The research minimum
Research rabbit holes kill more books than writer's block. The mechanism is seductive: every article leads to another, every Wikipedia page has twenty interesting links, and two hours later you have not written a word but you know a great deal about medieval grain storage. The research minimum is the discipline of knowing when you know enough. Define your minimum before you start: 'I need to understand daily life in this period, the political climate, and the physical geography of the setting.' Once you can answer those questions with confidence, start writing. The gaps will become visible in the draft.
Beta readers and sensitivity readers as research supplements
Beta readers are your first audience and your first fact-checkers. A reader who lives in the city your novel is set in will catch the wrong subway line before your editor does. A reader with professional expertise in the field your protagonist works in will catch the procedural errors. Sensitivity readers bring lived experience to representation questions that secondary sources cannot fully address. Use them after a complete draft, not during, because you need a full draft to give them something substantive to respond to. Their notes are research you could not have done alone.
The research journal
A research journal is a dedicated document or notebook where you record everything you find: sources, key facts, quotes you might use, contradictions between sources, and questions that need more investigation. The discipline of recording as you go prevents two expensive problems: forgetting where you found something (attribution is important in non-fiction) and rediscovering things you already researched (which happens more than any writer admits). Date each entry and note the source. After a research session, write a two-sentence summary of what you learned. The summary is what you will actually use when you draft.

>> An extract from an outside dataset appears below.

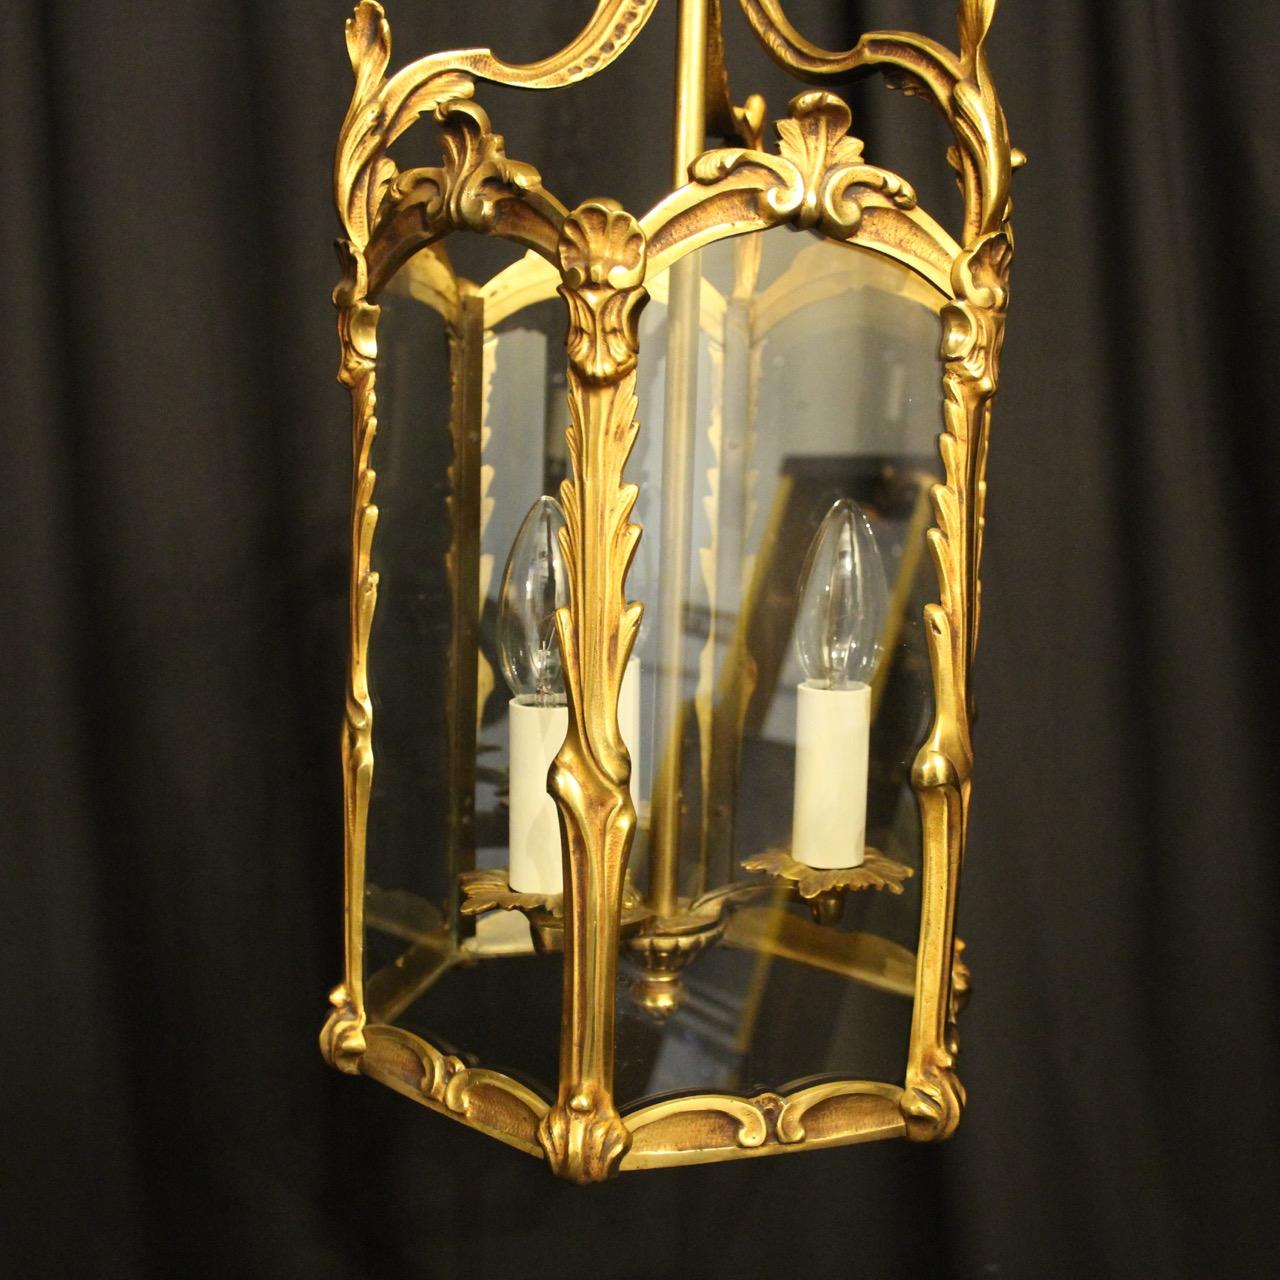 A French gilded bronze triple light hexagonal antique hall lantern, the six glass panels held within an ornate scrolling framework with three light fittings and having decorative scrolled central cartouche leaf embellishments, with leaf side panels

Primary vs. secondary sources
Secondary sources, history books, biographies, documentaries, are faster and more accessible. They are fine for most fiction. Primary sources, original letters, diaries, legal records, contemporary news, give you texture that secondary sources cannot. The person who actually lived through an event uses different language, notices different things, and has a different emotional register than the historian who describes it two hundred years later. For historical fiction specifically, finding even a handful of primary sources gives your period detail an authenticity that all the secondary research in the world cannot replicate.

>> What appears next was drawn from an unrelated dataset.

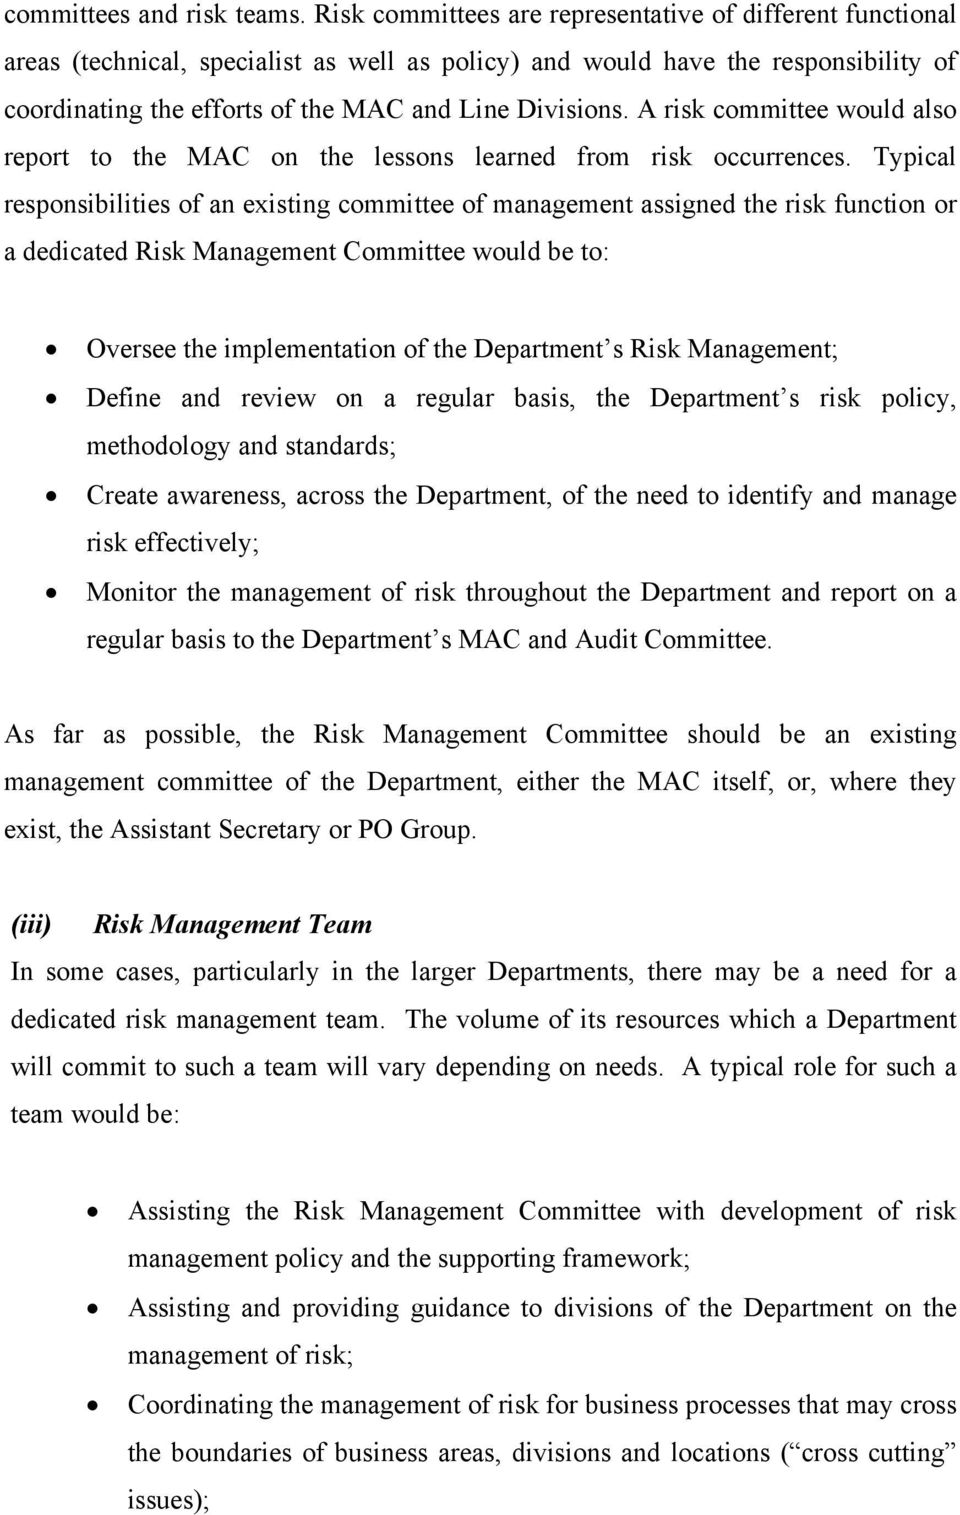 A risk committee would also report to the MAC on the lessons learned from risk occurrences.

Setting research: maps, photographs, and street-level detail
The most convincing settings are built on specific, sensory details that only come from either being there or finding records made by people who were. For contemporary settings: Google Street View, local photography groups, subreddits for the city or region, travel blogs with photographs. For historical settings: photography archives, period maps, newspaper archives, travel writing from the era. The details you want are not the famous landmarks but the ordinary things: what the streets smelled like, what the light was like, what ordinary people did on a Tuesday afternoon. Those are the details that make a setting feel inhabited.

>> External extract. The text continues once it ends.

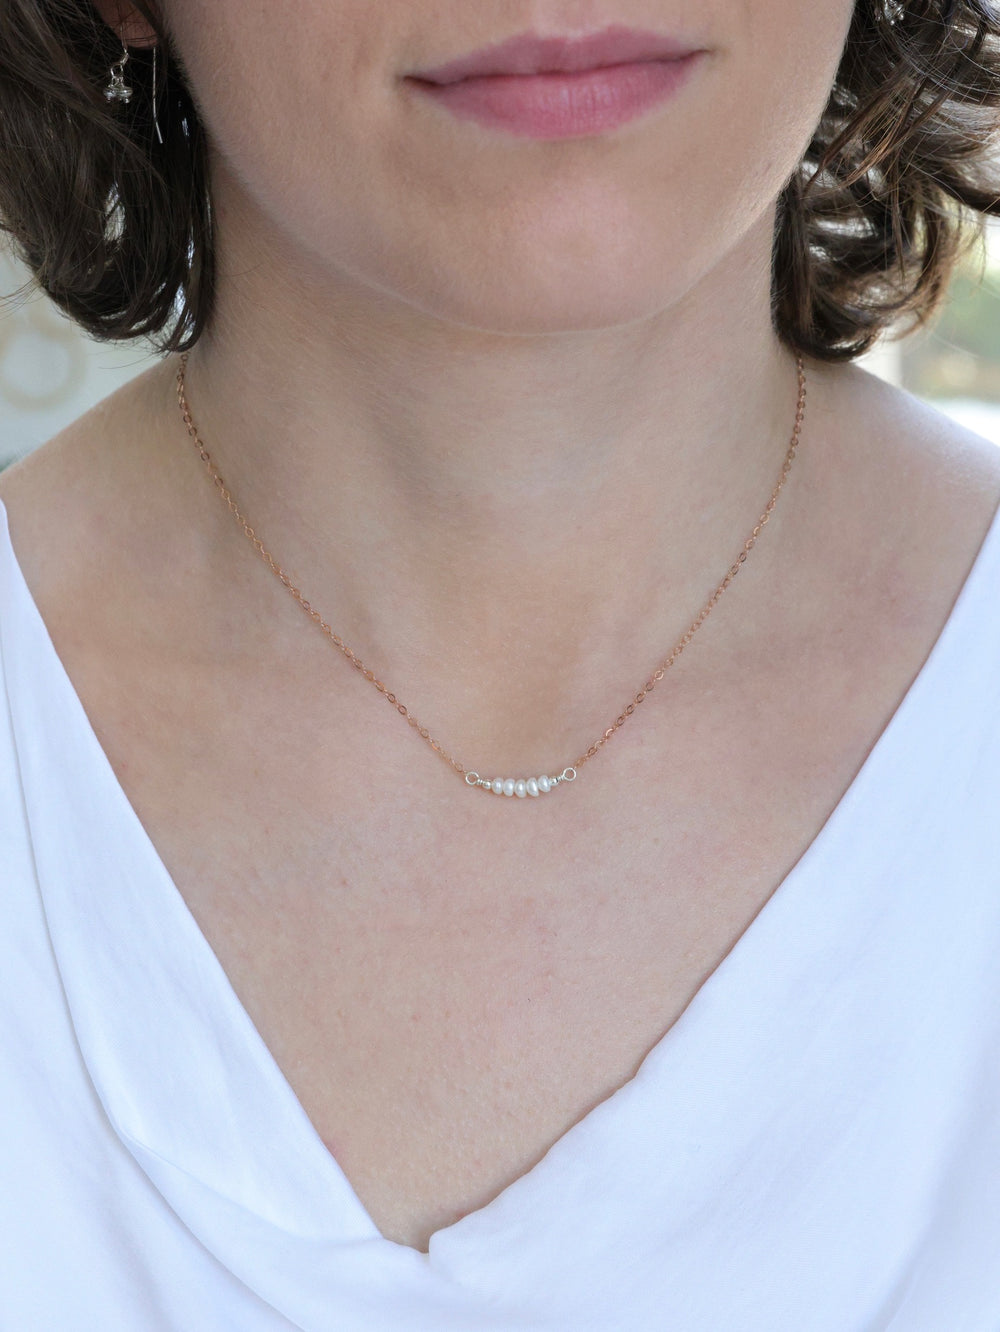 5 tiny pearls necklace

The research-later flag for first drafts
Stopping mid-draft to research a specific fact costs more than the fact is worth. The research interrupts your drafting flow, leads to broader reading than the specific fact required, and turns a focused writing session into a browsing session. The solution is the research-later flag: a bracketed placeholder like [RES: what year was this bridge built?] that marks the gap and lets you keep moving. After the draft is complete, run a search for [RES: and fill each one in a dedicated research session. The separation keeps drafting fast and research thorough, with no contamination between the two modes.